As soon as Maggie arrives, she is delighted to find her childhood bestfriend Sorcha and Sorcha’s cousin Brian still living in town. They enjoy cosy nights in the local harbour pub, with its stunning views across the ocean, as if no time has passed. And when Brian reveals he had a fierce teenage crush on Maggie, she can’t help but notice just how handsome he has become.
But then Maggie finds a worn metal box hidden in the attic of the house, full of love letters she exchanged with a sweet American boy she met one summer. During their last night together, star-gazing on the beach, they promised to find each other again. Soon it becomes clear that Maggie is not the only one returning to Sandy Cove.
Torn between her growing feelings for Brian and the romance she’s held in her heart for many years, Maggie realises that her summer may be more complicated than she’d expected. Will Maggie finally find a true love who can sweep her off her feet or will this holiday in Sandy Cove be her last?
The Ship of Brides by Jojo Moyes
Australia, 1946. 650 brides are departing for England to meet the men they married in wartime. But instead of the luxury liner they were expecting, they find themselves aboard an aircraft carrier, alongside a thousand men.

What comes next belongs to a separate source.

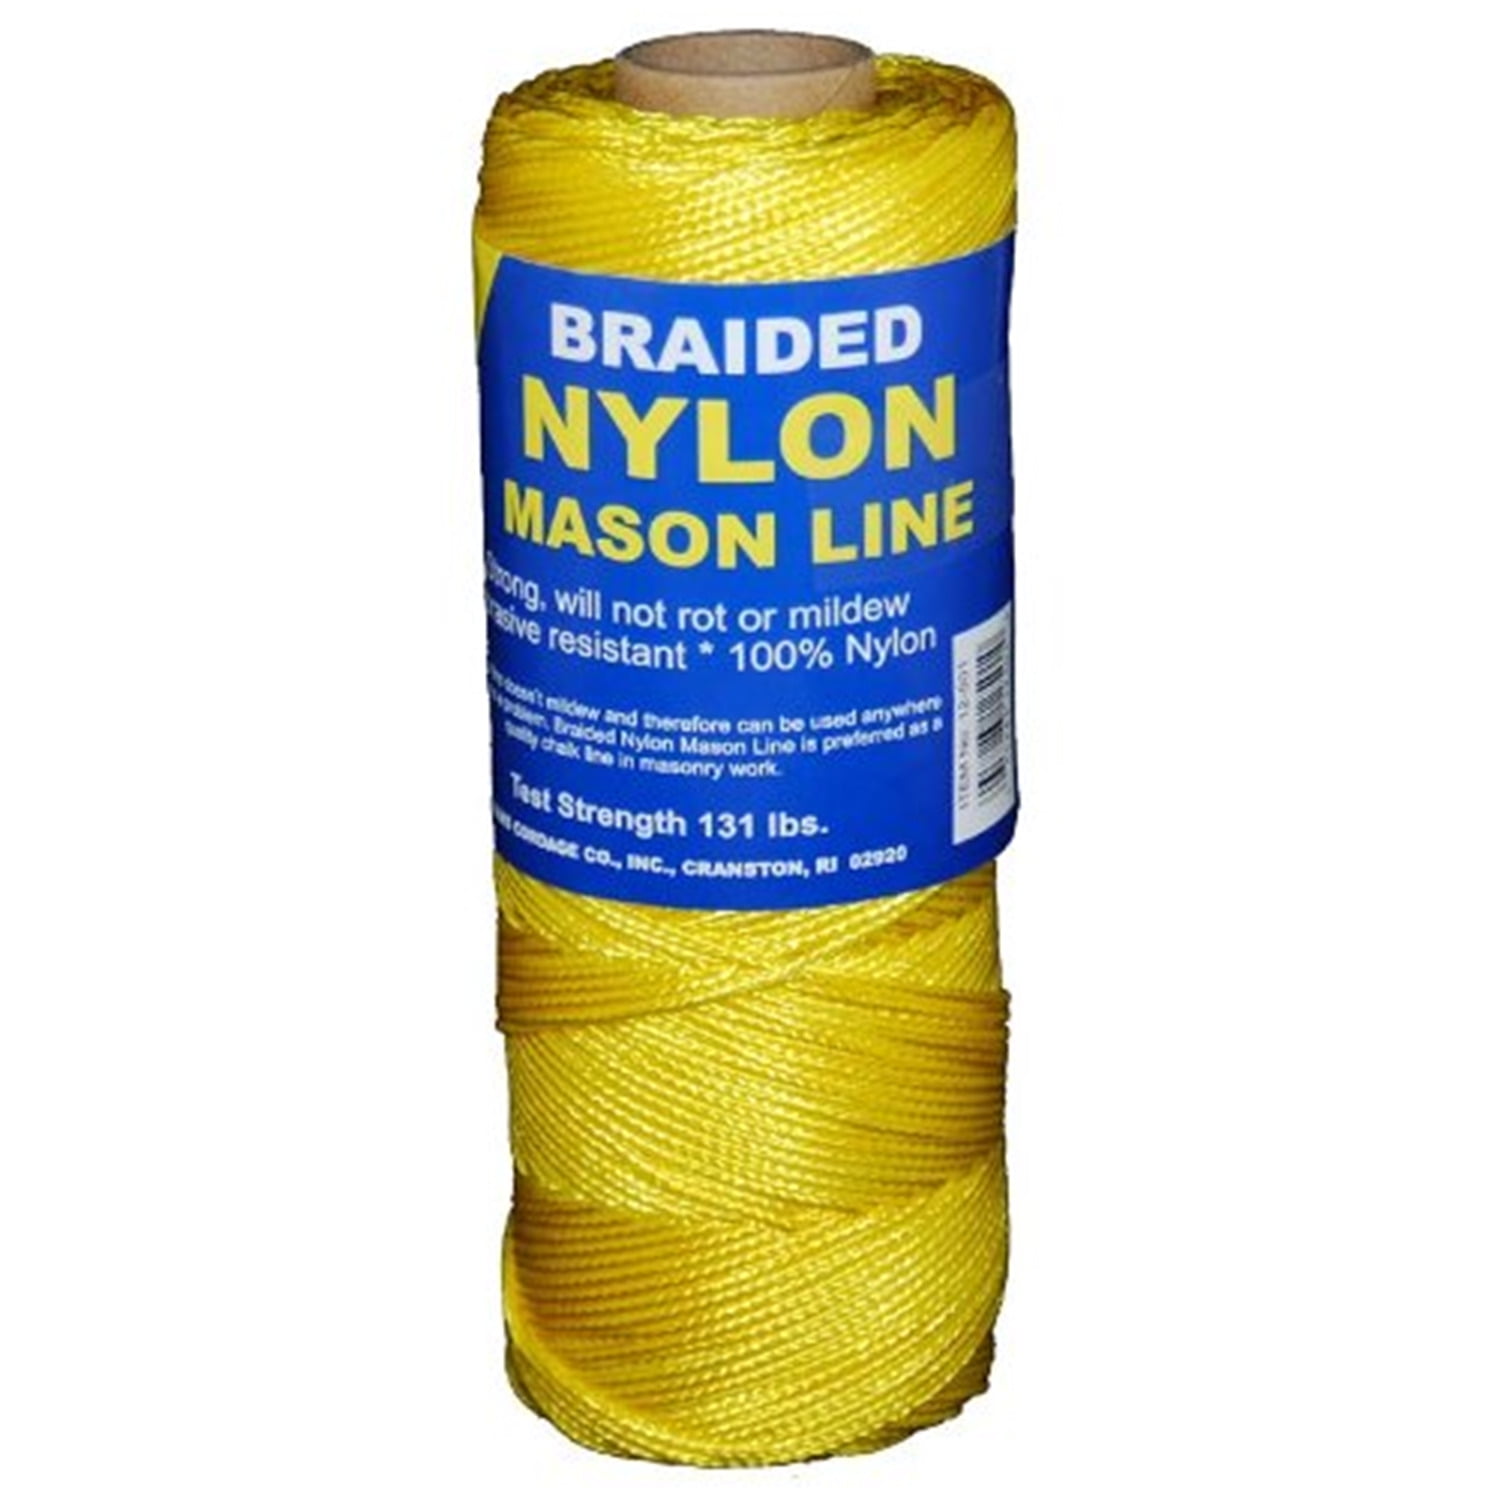 T.W Evans Cordage 12-250 Number-1 Braided Nylon Mason Line 250-Feet

On the sun-baked decks, old loves and past promises become distant memories, and tensions are stretched to the limit as brides and husbands change their minds. And for Frances Mackenzie, one bride in particular, it soon becomes clear that sometimes the journey is more important than the destination.
The Winter Guest by W C Ryan
The drive leads past the gate house and through the trees towards the big house, visible through the winter-bared branches. Its windows stare down at Harkin and the sea beyond . . .
January 1921. Though the Great War is over, in Ireland a new, civil war is raging. The once-grand Kilcolgan House, a crumbling bastion shrouded in sea-mist, lies half empty and filled with ghosts – both real and imagined – the Prendevilles, the noble family within, co-existing only as the balance of their secrets is kept.
Then, when an IRA ambush goes terribly wrong, Maud Prendeville, eldest daughter of Lord Kilcolgan, is killed, leaving the family reeling. Yet the IRA column insist they left her alive, that someone else must have been responsible for her terrible fate. Captain Tom Harkin, an IRA intelligence officer and Maud’s former fiancé, is sent to investigate, becoming an unwelcome guest in this strange, gloomy household.
Working undercover, Harkin must delve into the house’s secrets – and discover where, in this fractured, embattled town, each family member’s allegiances truly lie. But Harkin too is haunted by the ghosts of the past and by his terrible experiences on the battlefields. Can he find out the truth about Maud’s death before the past – and his strange, unnerving surroundings – overwhelm him?
These choices are just the books that I’d be tempted by rather than just any books that are on offer.